**DATA SECTION:**
####################
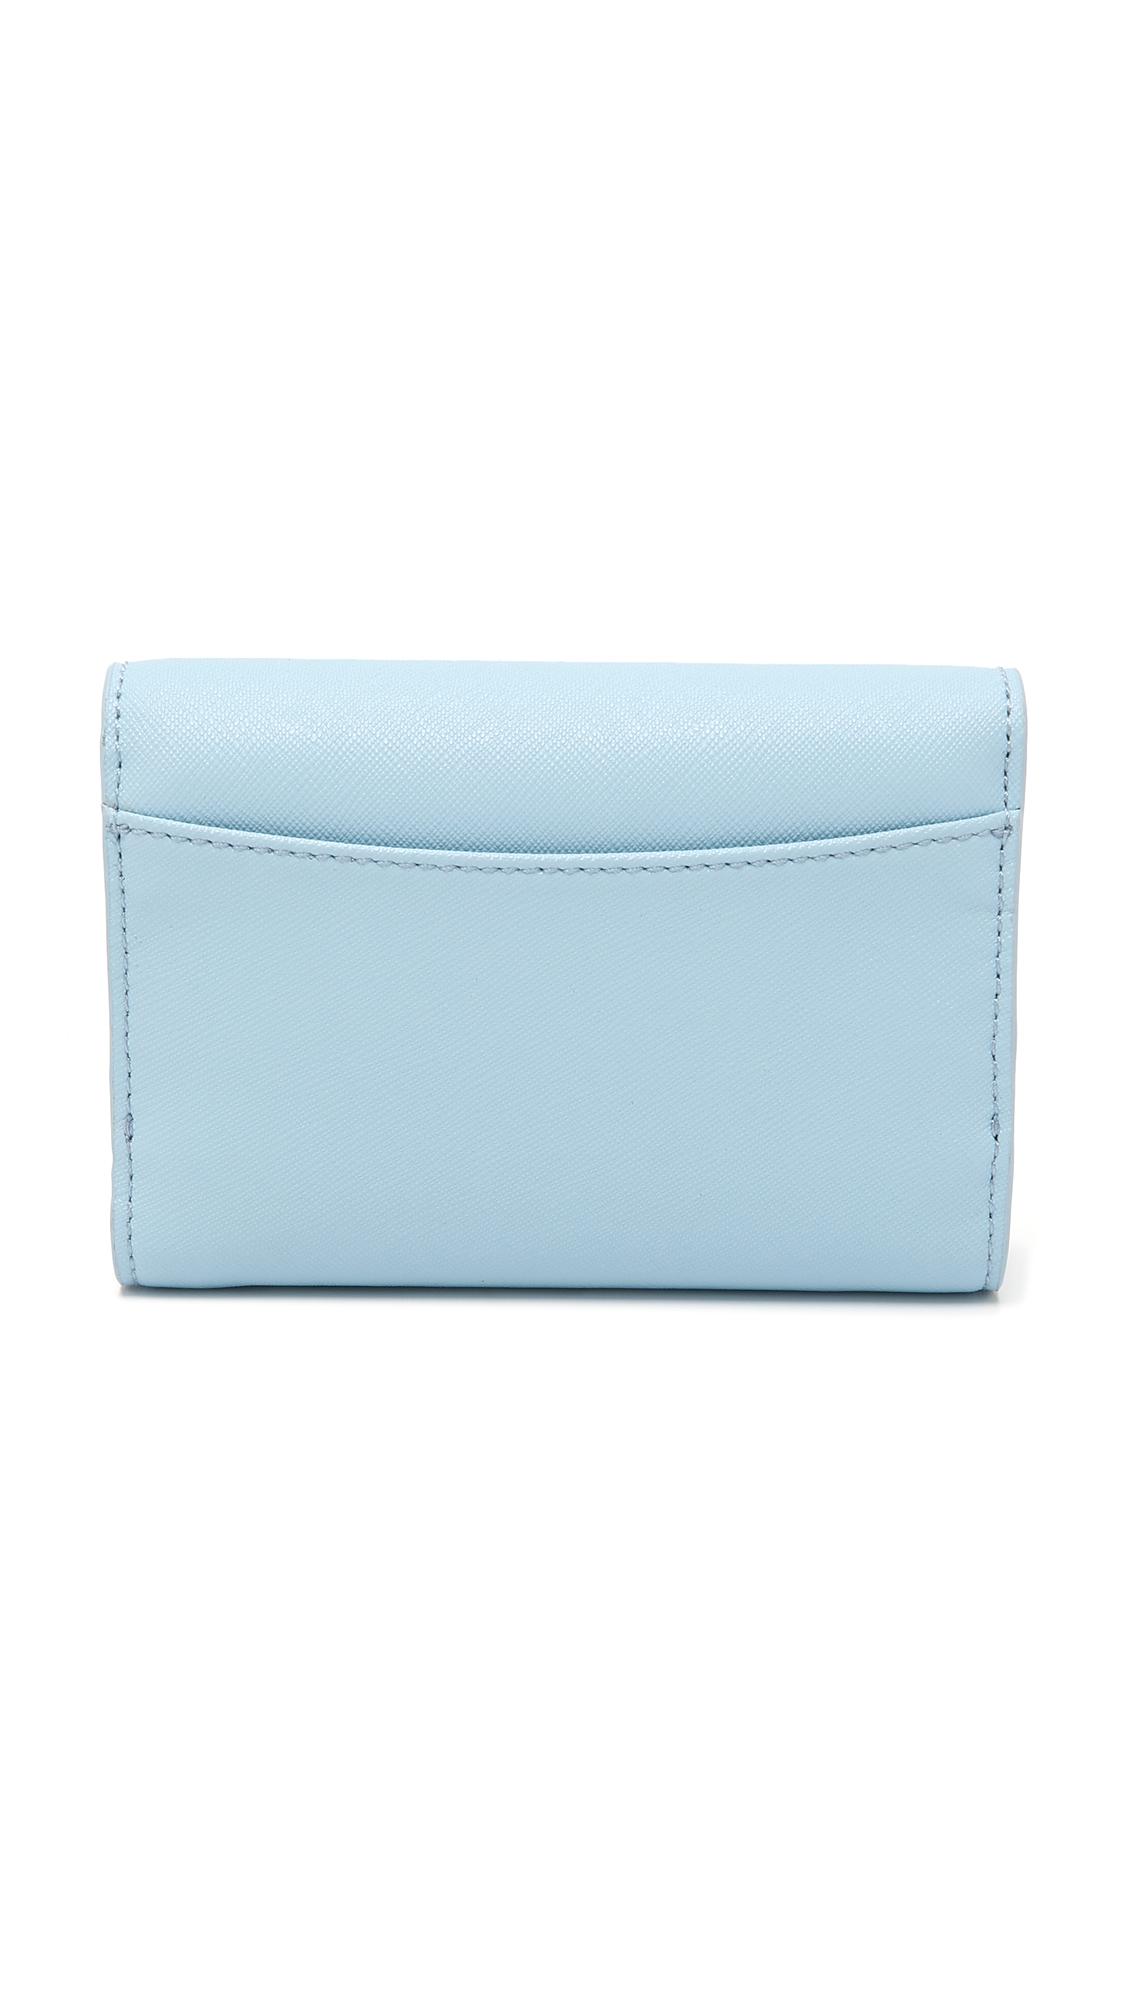 Lyst Tory Burch Robinson Medium Flap Wallet Iceberg in Blue
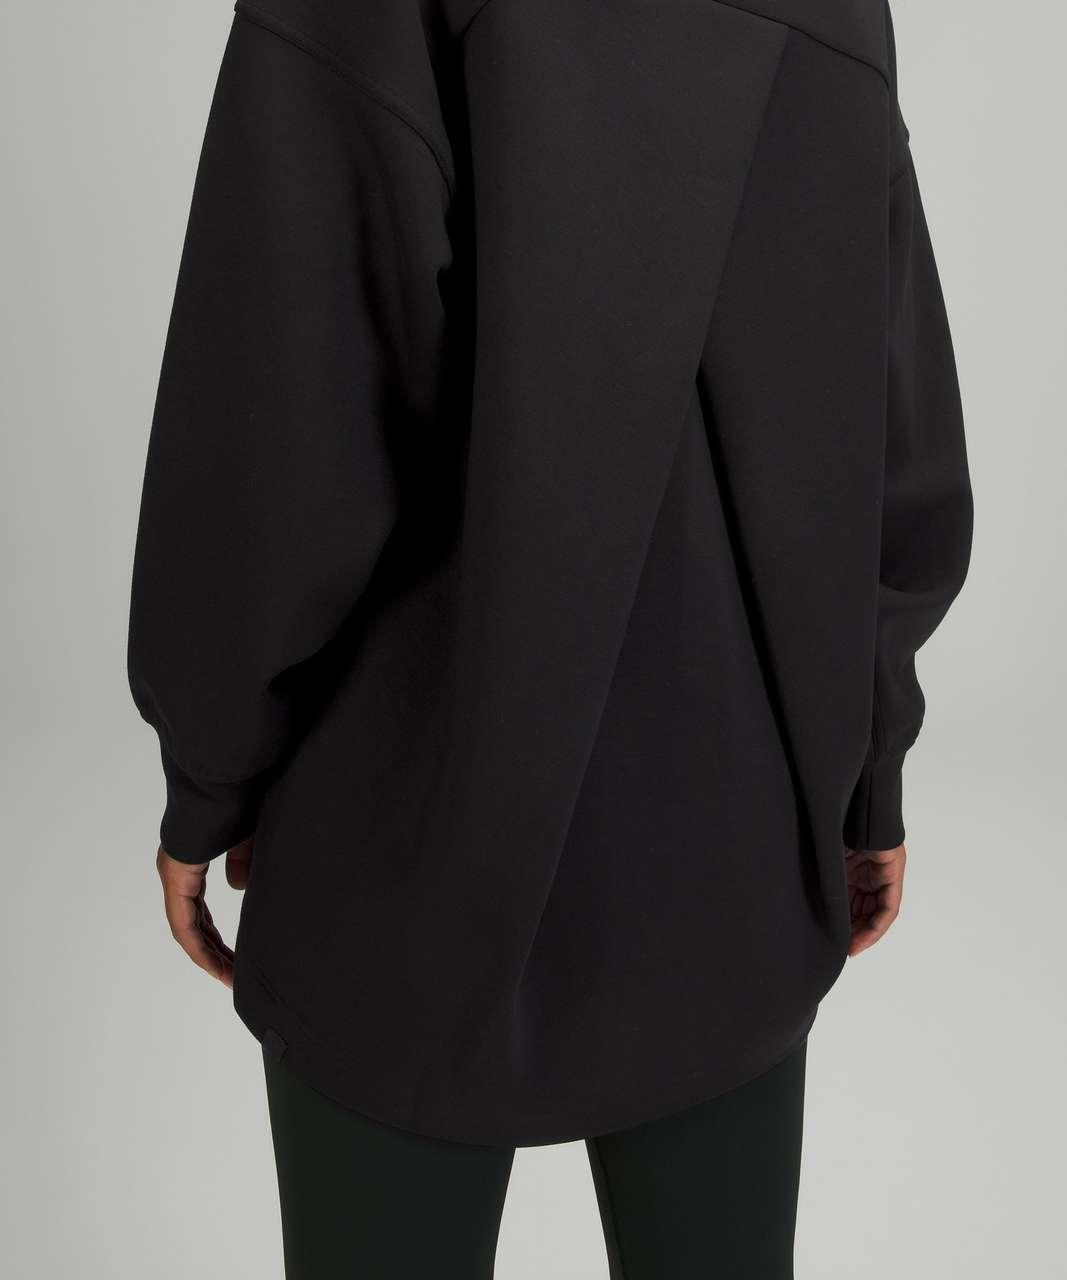 Lululemon Modal-Blend Turtleneck Tunic - Black
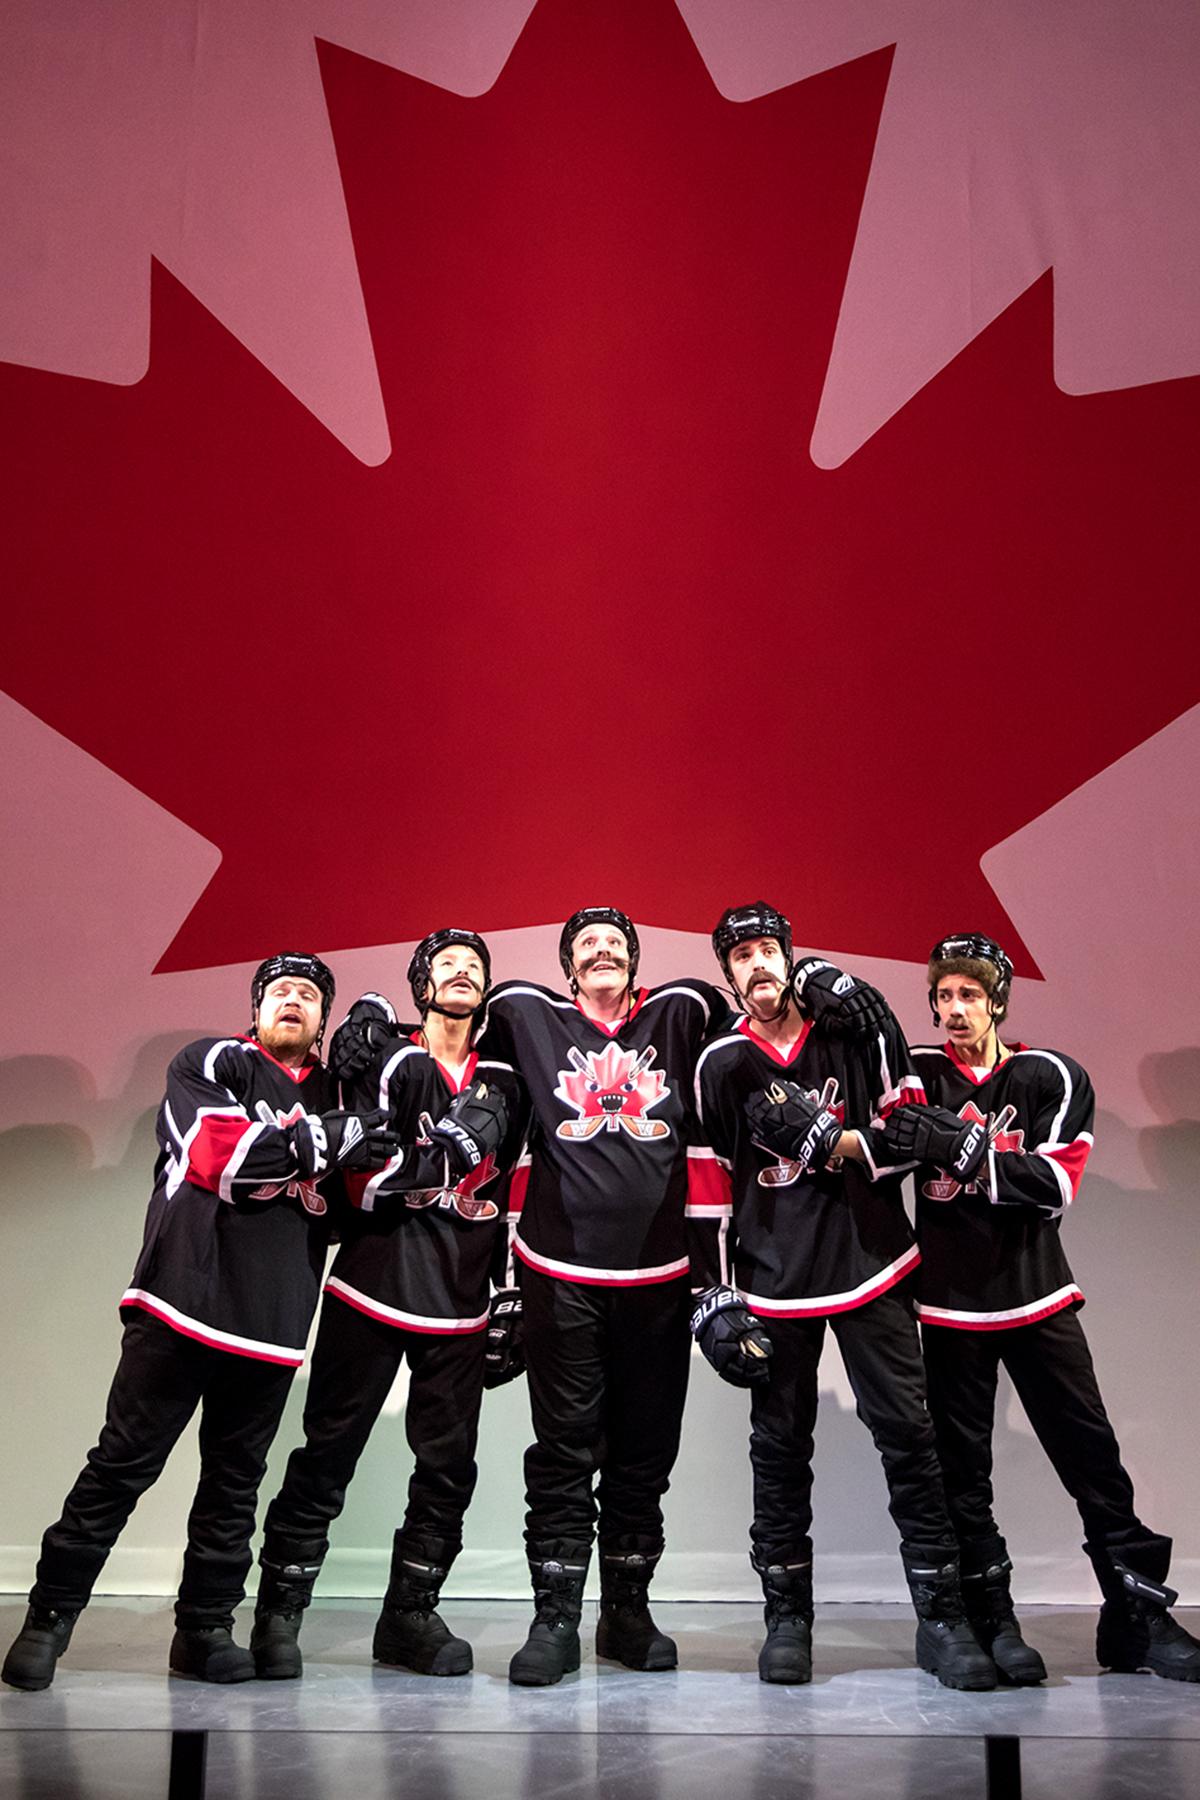 Canadian 'youth' hockey players photo by Dan Norman.jpg
####################
**ASSIGNED TASK:** With pictures excluded, the material is to be written out exactly as given.

**ANSWER TO THE PROBLEM:**
 Lyst Tory Burch Robinson Medium Flap Wallet Iceberg in Blue
 Lululemon Modal-Blend Turtleneck Tunic - Black
 Canadian 'youth' hockey players photo by Dan Norman.jpg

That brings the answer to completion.